Review by David Paul Hellings


Synopsis via Second Sight:

“A horror film like no other, “Possession” is an intense, shocking experience that was banned in the UK as a ‘video nasty’. With its dark subject matter and high gore quotient, it’s not for the faint hearted.

With their marriage in pieces Anna and Mark’s tense relationship has become a psychotic descent into screaming matches, violence and self-mutilation. Believing his wife’s only lover is the sinister Heinrich, Mark is unaware of the demonic, tentacled creature that Anna has hidden away for liaisons in a deserted apartment and will stop at nothing to protect.

Written and directed by Andrzej Żuławski, “Possession” is a deeply unsettling experience, aided by the horrific special effects of the great Carlo Rambaldi (Deep Red, Close Encounters, Alien).

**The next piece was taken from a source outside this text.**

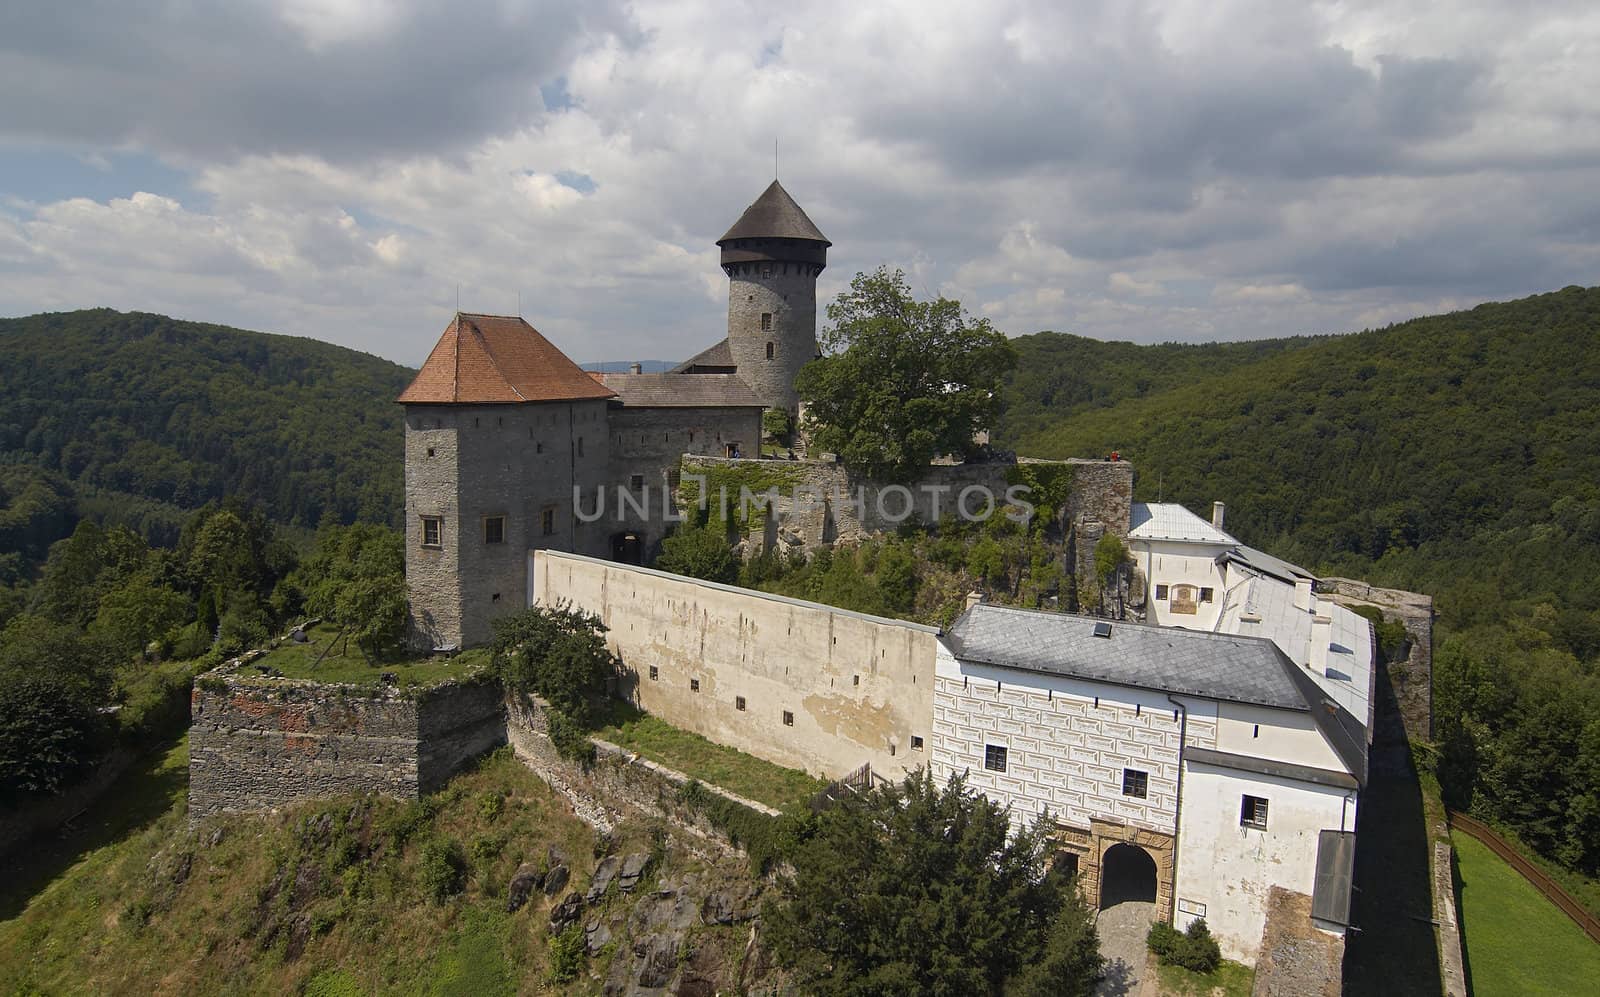 Shot of the castle of the holy order of knights. Czech republic, Europe.

The film, though banned on video, was nominated for a BAFTA and the Palme d’Or and Adjani’s astonishing performance earned her Best Actress awards at the Cannes Film Festival and the French Césars”.

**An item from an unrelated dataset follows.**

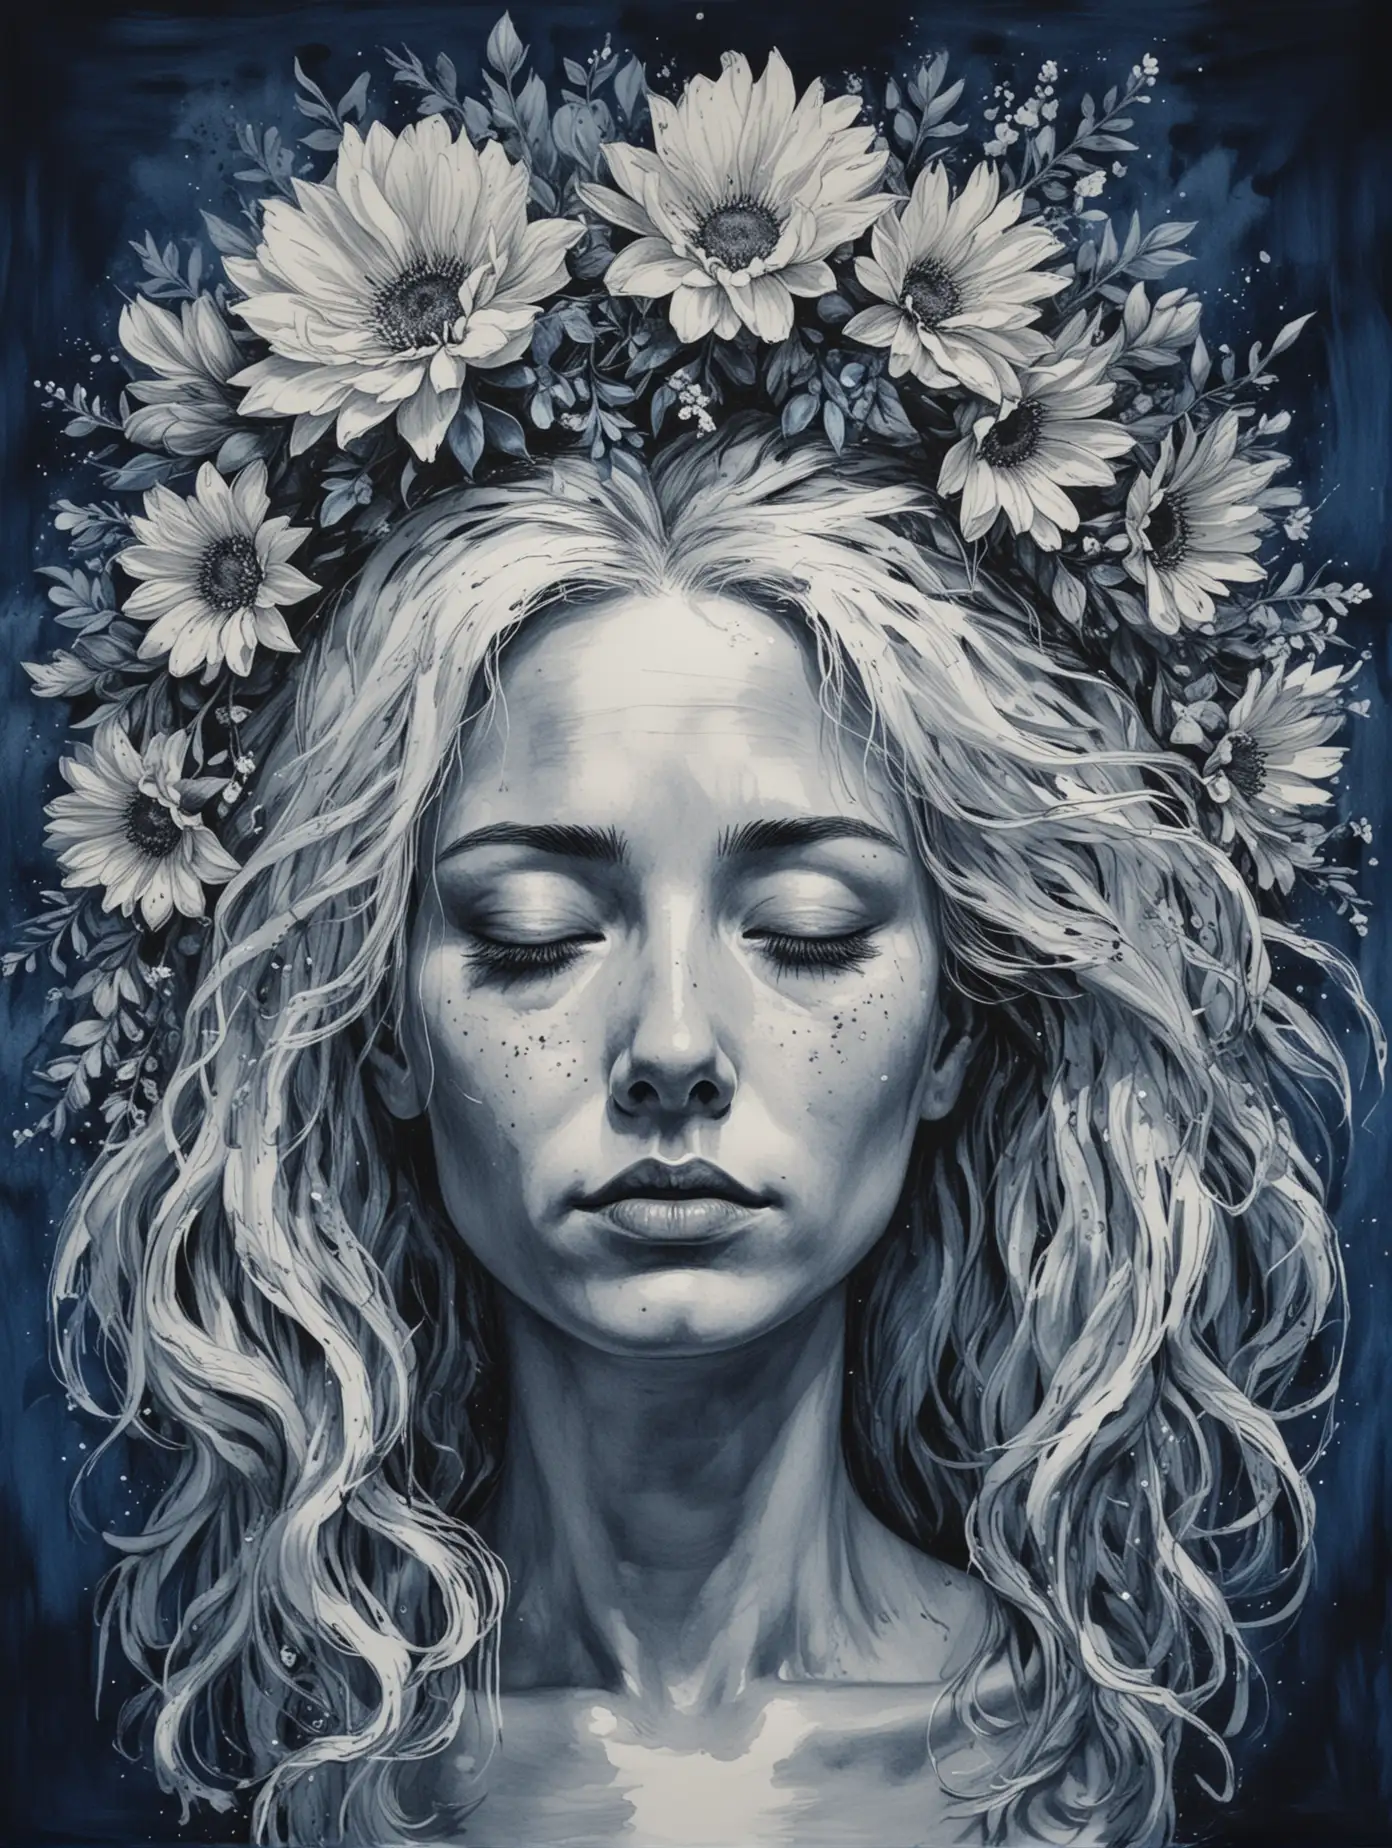 impressionistic ink drawing of a woman's face in a state of deep depression on a blue back ground, with a wreath of flowers on her head with white hair.

Andrzej Żuławski’s 1981 film “Possession” has rightly been declared a masterpiece in horror. The director, himself, has always been severely critical of those who label it a horror film (as it was marketed on its release), but it’s difficult to see it in any other way, perhaps instead an ‘exercise in madness’, a Lovecraftian tale of the breakdown of the minds of two people, and of the divisions between them that result in murder, self harm, psychological destruction, and a relationship between a wife and a monstrous creature that becomes her lover; a monster that she will do anything to protect.

“Possession” is often a film that defies description. That it was banned in the UK says everything about the state of censorship in Britain at that time, especially as Adjani won Best Actress at the Cannes Film Festival. As the troubled husband, Sam Neill is first rate and shows why he would go on to such a successful career; but Adjani is simply at another level altogether. Effectively blacklisted in France at the time due to her reputation for being difficult, Adjani’s performance is exceptional and possibly the finest of her career. The famous subway miscarriage scene is a clear example of an actress simply abandoning herself to the truth of the moment and is harrowing to watch. Her descent into madness and the extremes to which she will go to protect her monster lover are remarkable.

Shot in then West Berlin, as close to the Wall as was physically possible, “Possession” is a film about the divide between two people and the damage it brings to both of them. It is challenging film to watch, but once seen, never forgotten as you see the journey of two characters into the depths of unspeakable madness. Director Andrzej Żuławski, unable to work in Poland due to the political repression that saw his previous film shut down in the final stages of production and all elements of it, including the sets, destroyed by the authorities, was clearly in a place of rage at the time he made “Possession” and it shows. The short tempered director was the perfect man to keep Adjani in check claiming that, apart from one disagreement over the green contact lenses her alternate school teacher character wore, Adjani was the perfect professional, even travelling on the Berlin subway at 5am each day to get to the set.

There is a dark, surreal tone at times, reflecting the growing madness of the characters. It is a picture of the worst excesses of a self-destructive marriage magnified beyond reason into the world of insanity. Starkly shot and utilising the world within a city by the Berlin Wall, it is a film that would never have been made in the UK or US. Ignored for almost three decades since its release, it is a film that is finally gaining the reputation it deserves.

Among the excellent special features, the illuminating interview with Andrzej Zulawski and the ‘making of’ documentary should be the viewers’ first port of call, offering fascinating insights into the making of a masterpiece.

A remarkable film that must be seen. Highly recommended.


‘THE OTHER SIDE OF THE WALL’ – The Making of Possession

AUDIO COMMENTARY with co-writer FREDERIC TUTEN, moderated by Daniel Bird

‘REPOSSESSED’ – The film’s UK and US reception, the ‘video nasties’ furore and the US recut

‘A DIVIDED CITY’ The Berlin locations

‘THE SOUNDS OF POSSESSION’ – An exclusive interview with composer Andrzej Korzynski about his working relationship with Andrzej Zulawski

‘OUR FRIEND IN THE WEST’ – An exclusive interview with legendary producer Christian Ferry

‘BASHA’ – A new featurette on Polish artist Barbara ‘Basha’ Baranowska, who created the famed poster for Possession.



This review is for the Blu ray released by Second Sight.